Do you not get on with the Motore? I have this shaft in my hybrid, and 4w and think it's a top shaft. Is there more to this post?


----------



## 0 (Dec 20, 2010)

Not really Murph just looking for some extra yards and extra control maybe


----------



## USER1999 (Dec 20, 2010)

Ahh, the search for the holy grail continues.


----------



## Ethan (Dec 22, 2010)

Motore and RIP are both very good shafts. The RIP has a reputation for being pretty stiff, so I would assume that a 70g version of that would be stouter than a Motore 65. Note that there are at least 2 versions of Moore around.
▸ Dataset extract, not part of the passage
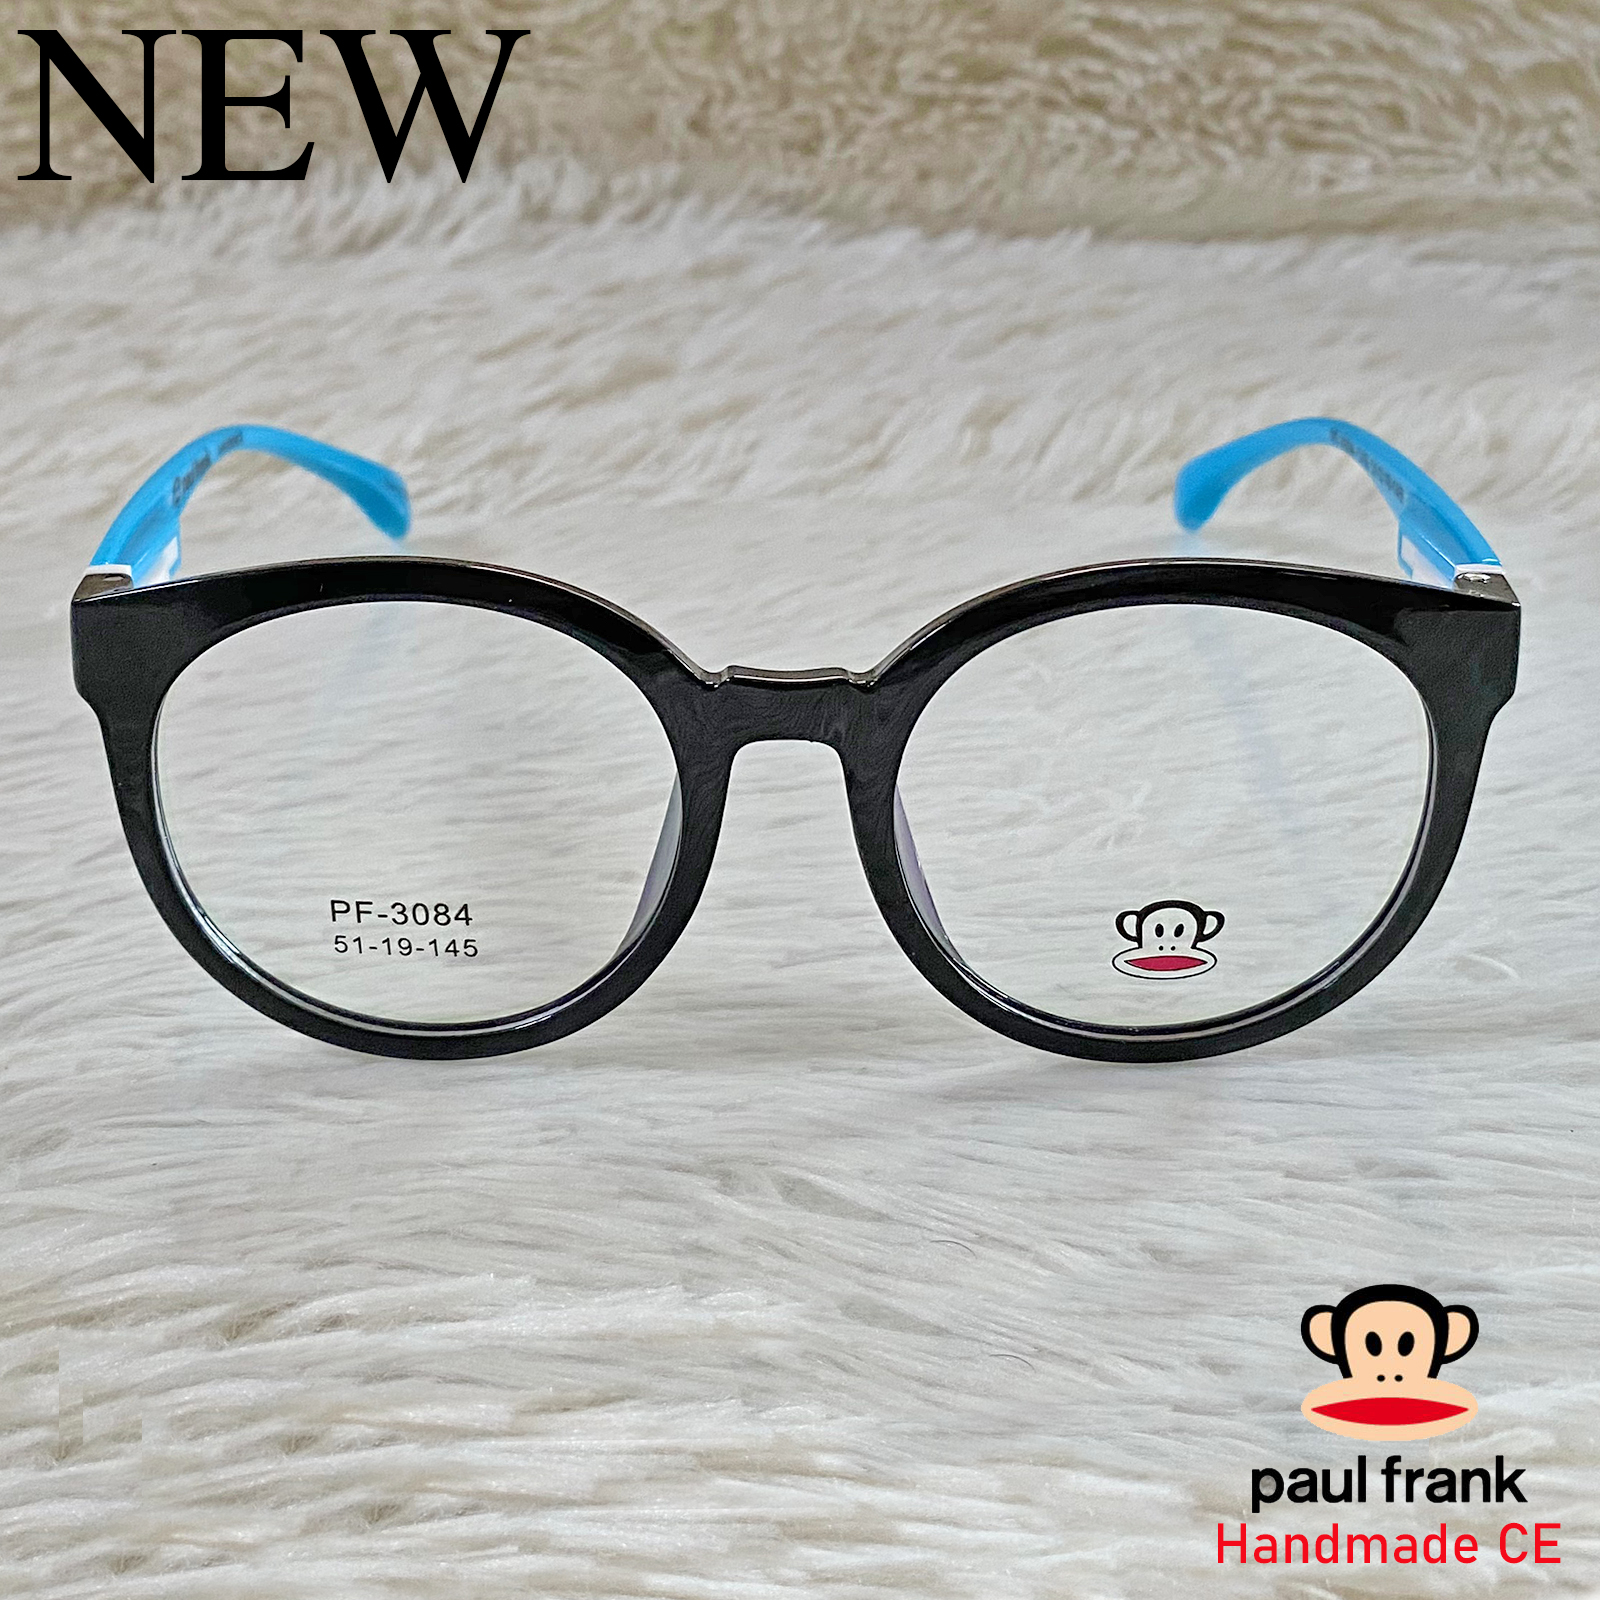 Handmade แว่นตาสำหรับตัดเลนส์ สายตา กรอบแว่นตา ชาย หญิง Fashion รุ่น 3084 สีดำขาฟ้า กรอบเต็ม ทรงรี ขาข้อต่อ วัสดุ TR 90 รับตัดเลนส์ทุกชนิด

One is just called Motore, but there is also another version called variously Tour, F1 etc which is a bit firmer.


----------



## 0 (Dec 22, 2010)

So Ethan, would the RIP give me anything at all (i know its difficult without seeing the swing etc) but with a slightly stiffer heavier shaft would that give more distance or a lower ball flight etc ? would itgive me anything at all in your opinion

Thanks in advance


----------



## Ethan (Dec 23, 2010)

So Ethan, would the RIP give me anything at all (i know its difficult without seeing the swing etc) but with a slightly stiffer heavier shaft would that give more distance or a lower ball flight etc ? would itgive me anything at all in your opinion

Thanks in advance
		
Click to expand...

I think the RIP would give a lower flight, and if you have a trajectory which is too spinny or high, maybe more distance, but if you err on the other side, perhaps less. It is really a matter of which fits your swing needs best.


----------



## 0 (Dec 24, 2010)

Thanks Ethan - i guess i will just have to take a flyer on it - if it doesn't work theres always ebay )


----------



## thecraw (Dec 24, 2010)

Thanks Ethan - i guess i will just have to take a flyer on it - if it doesn't work theres always ebay )
		
Click to expand...

Or thecraw, I'll take first dibs on it!


----------